Although inflammation is most profound after herniation, pro‐inflammatory cytokines, such as tumor necrosis factor alpha (TNF‐α), interleukin‐1β (IL‐1β), interleukin‐6 (IL‐6), and prostaglandin‐E2 (PGE2), are also detected in NP tissue without herniation,10, 11, 12, 13, 14 suggesting a crucial role of inflammation in the process of disc degeneration.6, 15 Especially TNF‐α and cytokines of the interleukin family have been associated with disc degeneration and are known to trigger an inflammatory cascade, which downstream causes an upregulation of genes that encode matrix‐degrading enzymes.15 Moreover, the presence of inflammatory factors seems to be related to pain in an early stage of disc degeneration when the AF is still intact, the so‐called discogenic pain.6

The pro‐inflammatory cytokines, present in extruded NP tissue, are mainly attributed to the body's immune response.16, 17, 18, 19, 20 However, NP cells themselves are also capable of producing inflammatory cytokines in vitro21, 22, 23 and in vivo.16, 24 In addition, previous work demonstrated a sustained inflammatory response when NP tissue was cultured in vitro under unconstrained, free swelling (FS) conditions that serve as a model for herniation.25 These findings suggest that a hypotonic environment, due to free swelling, triggers an inflammatory response in the NP cells. Possibly, a decrease in tonicity due to the loss of proteoglycans during early disc degeneration will also trigger an inflammatory response of the NP cells. The identification of inflammation triggers for the NP could provide insights into the mechanism of disc degeneration progression and could be used to improve treatment modalities for early disc degeneration. Therefore, the aim of this study was to evaluate whether a decrease in tonicity of constrained NP tissue initiates an inflammatory cascade which mediates tissue degeneration. To evaluate this hypothesis, NP tissue was cultured under various tonicities using an ex vivo constrained NP model, and both the tissue and its released products were analyzed.

MATERIALS AND METHODS

Tissue Culture

Bovine caudal discs (cd1‐cd5; 24‐months old) were obtained from the local abattoir in accordance with local regulations.
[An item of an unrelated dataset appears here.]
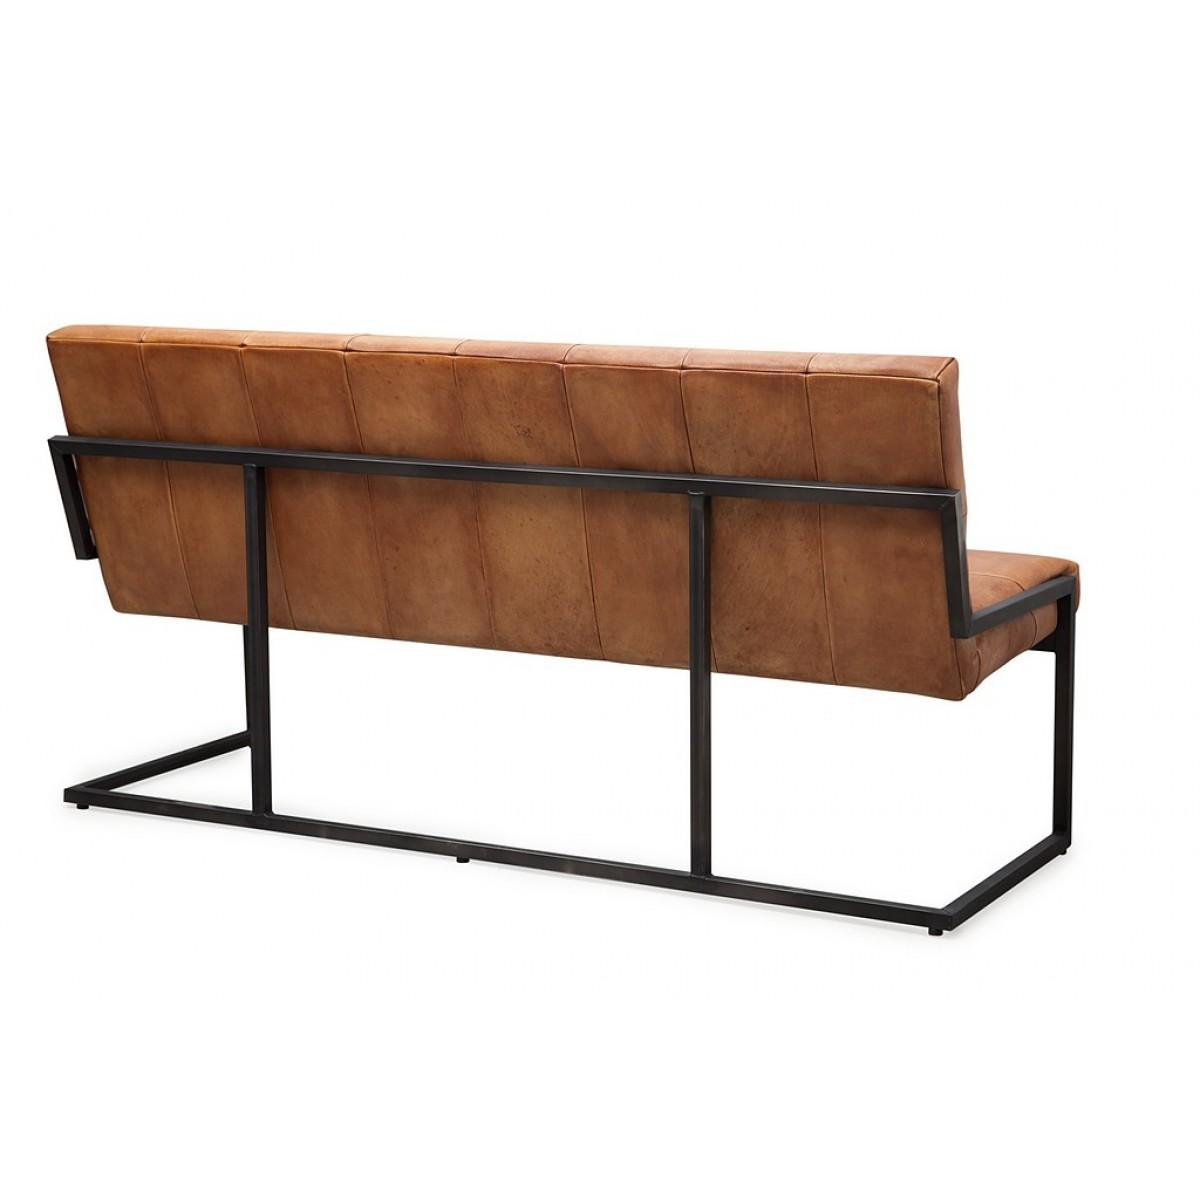 zitbank_bench_calabro_caballero_buffel_leer_metalen_frame_back

The discs were transversally opened at the cartilage endplate/NP interface, and NPs were harvested from the central part of the disc with a biopsy punch (8 mm diameter, Kruuse, Sherburn, UK). From each tail, one NP was weighed and snap frozen directly after harvesting as base‐line measurement (day 0). The other NPs were weighed and equally distributed (disc level per donor) over the culture groups (Table S1). Next, each NP was placed in dialysis tubing (15 kDa molecular weight cut‐off, Spectra‐Por, Rancho Dominguez, CA) and pre‐shrunk in 30%, 20%, 10%, or 0% w/v polyethylene glycol (PEG, 20 kDa) in PBS for 100 min, depending on the assigned group (Tables S1 and S2). Thereafter, the dialysis tubing was removed, NPs were weighed, wrapped tightly in a 0.2 µm pore size regenerated cellulose membrane (Whatman, Sigma, Zwijndrecht, The Netherlands), and placed in an artificial annulus consisting of custom jackets (Varodem, Saint‐Leger, Belgium) knitted from Dyneema Purity fibers (DSM, Heerlen, the Netherlands).26 The artificial annulus was closed with needle and thread. This system has been demonstrated to maintain healthy NP tissue in long‐term culture when pre‐shrinking the tissue to generate a physiological tonicity.26 An unconstrained (free swelling, FS) group was used as a control25 (Fig. 1). Samples were cultured in deep, non‐coated 12‐well plates (PS‐Thinsert Plate, Greiner Bio‐One Gmbh, Alphen a/d Rijn, the Netherlands) with 6 ml of culture medium consisting of Glutamax Dulbecco's modified Eagle medium (DMEM, 21885, Gibco, Invitrogen, Bleiswijk, the Netherlands), 3% fetal bovine serum (FBS, 758073, Greiner Bio‐One), 50 μg/ml ascorbic acid (l‐ascorbic acid 2‐phosphate, A8960, Sigma), and 1% penicillin/streptomycin (DE17‐602E, Lonza, Basel, Switzerland) under physiological conditions (37°C, 5% O2, and 10% CO2, i.e., pH = 7.2). Medium was changed twice a week, collected, and stored at −80°C until further use. At days 3, 7, and 21, NP samples were removed from the artificial annulus, weighed, snap frozen, and stored at −80°C until further use.

Figure 1

Schematic overview of the experimental setup. First, NP tissue was harvested from bovine tails. Following, tissues were placed in dialysis tubing to be shrunken by balancing the tissue for 100 min to PBS with 0, 10, 20, or 30% PEG. After shrinking, samples contained various tonicities and were placed in an artificial AF to be cultured for 21 days. As a control, samples were cultured without being placed in the artificial AF to allow free swelling.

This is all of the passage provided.